Even though the housing sector has shown further improvement, the Federal Open Market Committee (FOMC) dodged another rate increase this month like many in the industry predicted.
With many economic factors on the path to improvement, many are wondering why the Fed held off this month and when the Committee will actually follow through with one of the anticipated increases.
The FOMC stated in a press release that labor market conditions have improved due to strong job gains, while economic growth has slowed. Household spending is a moderate pace although real income has increased and consumer sentiment remains elevated.
The committee noted that the housing sector has improved since the beginning of the year. However, on the downside, the committee noted that inflation is still running below the 2 percent long-run objective.
"Against this backdrop, the committee decided to maintain the target range for the federal funds rate at 1/4 to 1/2 percent," the announcement said. "The stance of monetary policy remains accommodative, thereby supporting further improvement in labor market conditions and a return to 2 percent inflation."
The committee said that they expect, with "gradual adjustments in the stance of monetary policy, economic activity will expand at a moderate pace and labor market indicators will continue to strengthen."
As for future rate increases, the FOMC noted that they will take into account measures of labor market conditions, indicators of inflation pressures and inflation expectations, and readings on financial and international developments and continue to monitor inflation changes.

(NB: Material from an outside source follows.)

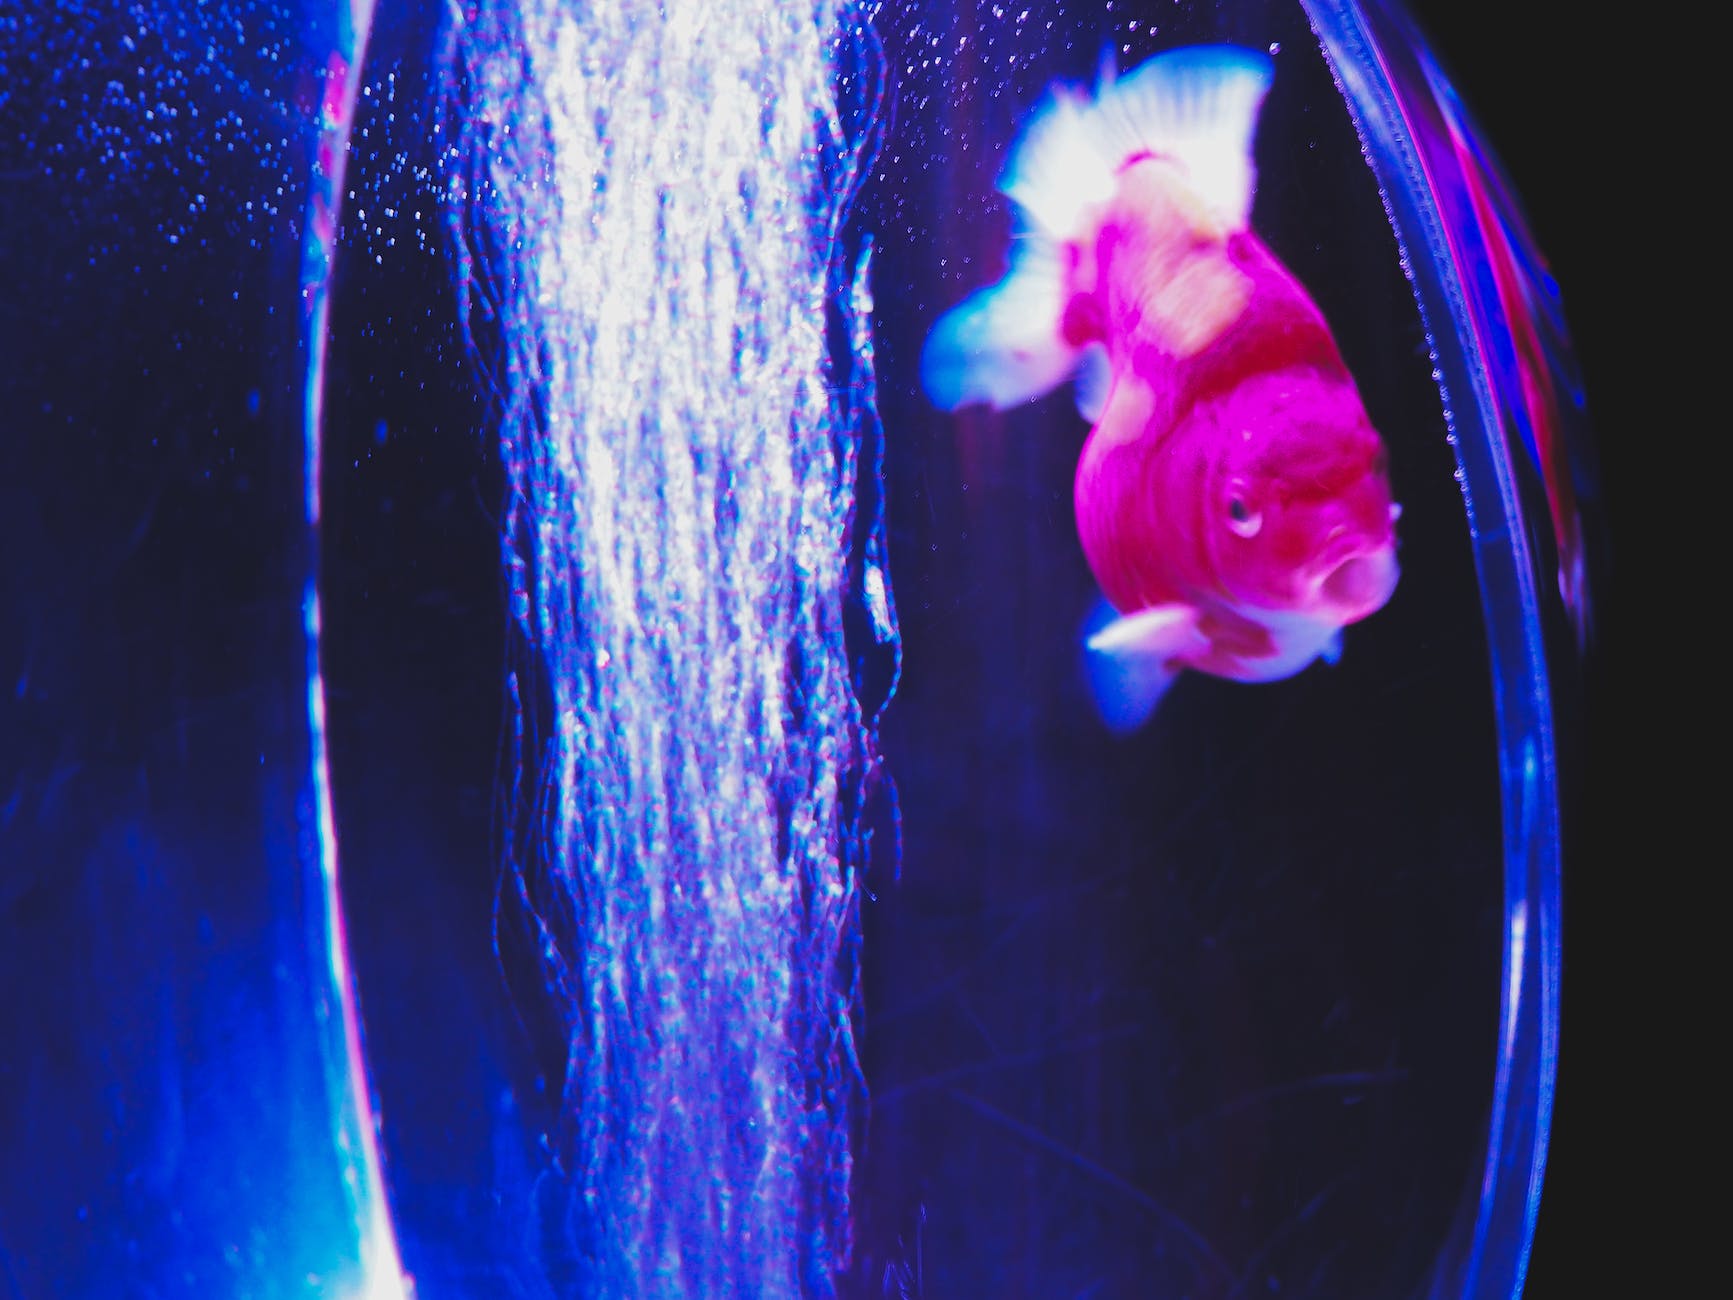 adorable goldfish swimming in aquarium water with glowing blue light

"The committee expects that economic conditions will evolve in a manner that will warrant only gradual increases in the federal funds rate; the federal funds rate is likely to remain, for some time, below levels that are expected to prevail in the longer run," the release said. "However, the actual path of the federal funds rate will depend on the economic outlook as informed by incoming data."
National Association of Federal Credit Unions President and CEO Dan Berger said in response to Fed's decision to leave rates unchanged, "The FOMC’s decision to hold off on a rate hike was widely expected, as recent readings on consumer spending and inflation have been weak."
He continued, "More importantly, uncertainty over the global economy has led policy makers to take a wait-and-see approach. All eyes shift to the next meeting in June, but in the absence of inflationary pressure, there is little urgency for the Fed to resume rate normalization.”